Se da un lato, quindi, abbiamo di fronte un periodo facilmente riassumibile in un quadro interpretativo generale di inarrestabile declino di una importante cultura politica e dell'organizzazione che ne era portatrice, dall'altro gli anni Ottanta del Pci rappresentano un oggetto relativamente recente e ancora non affrontato in modo sistematico dalla storiografia. In questo contesto, il progetto dedicato alla Federazione Giovanile Comunista promosso dall'Istituto Storico di Modena insieme all'associazione “Insieme per Angela” appare invece come un tentativo di cominciare a comporre un'immagine più precisa di questo decennio, che ne metta in luce le complessità. Il progetto è partito nel 2014 con un duplice obiettivo: in primo luogo quello di riordinare il fondo della Fgci provinciale, che ne testimonia l'attività dalla fine degli anni Settanta fino ai primi anni di vita della Sinistra Giovanile; in secondo luogo, a partire proprio da questi documenti, quello di avviare una ricerca mirata a ricostruire la specifica esperienza della Federazione giovanile modenese durante gli anni Ottanta. La prima fase del progetto, che si è concentrata soprattutto sul riordino dell'archivio, si è conclusa con l'inizio del 2015, mentre i risultati iniziali della ricerca saranno presentati a gennaio 2016 a Modena, durante la giornata che ogni anno l'Istituto Storico di Modena e l'associazione “Insieme per Angela” dedicano alla presentazione dei progetti seguiti nei dodici mesi precedenti. Questa seconda fase si concluderà poi con la pubblicazione di un catalogo cartaceo dei materiali più significativi provenienti dall'archivio.

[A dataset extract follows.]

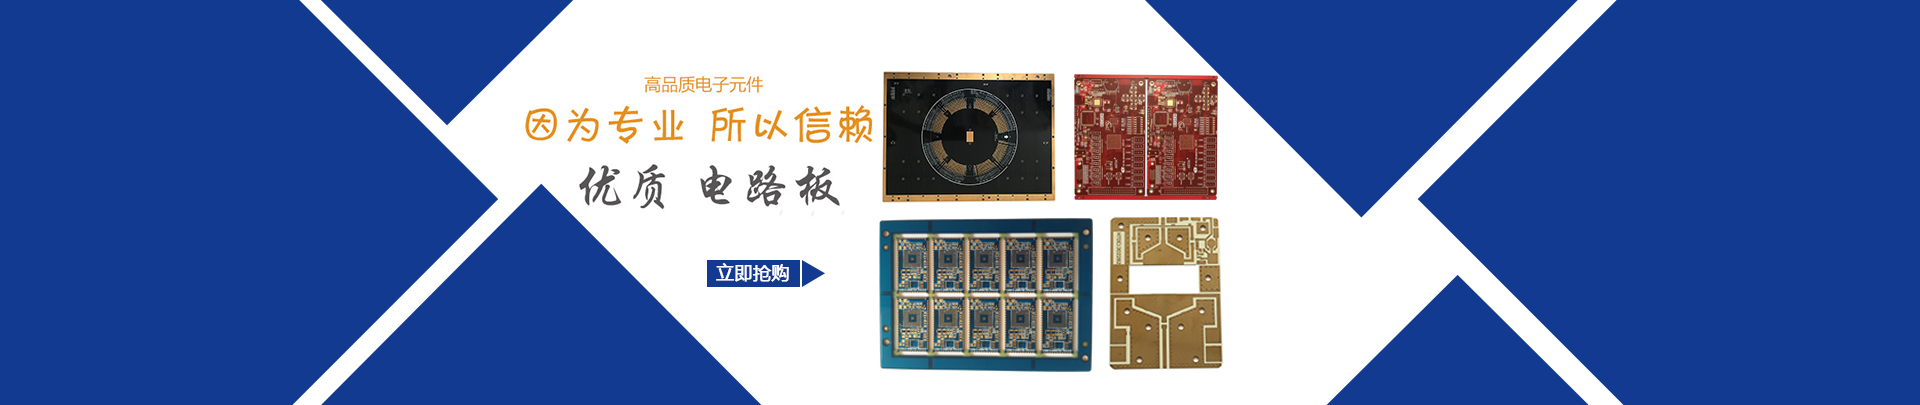 High precision circuit board

2. Il Pci degli anni Ottanta e i giovani. La scelta autonoma della Fgci

Il primo elemento rilevante a emergere da questo progetto è la scelta di porre una lente di ingrandimento sul rapporto tra mondo giovanile e Pci, che negli anni Ottanta divenne uno dei nodi più critici per il partito anche all'interno delle apparentemente immutabili “zone rosse” del centro-Italia. Basti pensare che se nel 1975 la fascia demografica compresa tra i 18 e i 25 anni era sovrarappresentata tra gli elettori del Pci del 13,3% rispetto all'elettorato complessivo, nel 1987 sarebbe arrivata a essere sottorappresentata del 2,9%: nonostante questo evidente processo di distacco sia ancora poco esplorato, viene solitamente considerato uno dei fattori che hanno pesato in modo più rilevante sul declino finale del Pci [Mannheimer 1990, 57].

D'altronde, il rapporto tra giovani e Partito comunista aveva incontrato diversi momenti difficili già dall'inizio degli anni Sessanta, quando erano progressivamente comparse nuove forme della partecipazione politica giovanile verso cui il partito aveva spesso dimostrato diffidenza e incomprensione. In particolare, il Pci fu notoriamente restio a instaurare un dialogo con i movimenti nati dal 1968, anche se proprio la lunga stagione di mobilitazione aperta dai movimenti portò poi, nell'arco dei successivi otto anni, a un consistente spostamento verso sinistra dell'elettorato più giovane, di cui i comunisti cominciarono a beneficiare già con le elezioni del 1972 [Barbagli e Corbetta 1980, 485]. Questa influenza positiva fu percepita anche a livello organizzativo, e, nonostante non si possa parlare di vera e propria “confluenza” dei movimenti nel Pci, il ciclo di proteste degli anni Settanta rappresentò indubbiamente il contesto di formazione dell'ultima grande nuova generazione di militanti comunisti, che raggiunse numeri paragonabili a quelli del dopoguerra [Hellman 1980; Lange, Irvin e Tarrow 1990]. Tuttavia, il Partito comunista si dimostrò infine incapace di consolidare il consenso ottenuto in questo periodo, e questo momento di scambio favorevole con le generazioni più giovani si arrestò bruscamente alla fine degli anni Settanta, in coincidenza con la più ampia crisi che aveva investito il Pci dopo il fallimento del progetto del compromesso storico.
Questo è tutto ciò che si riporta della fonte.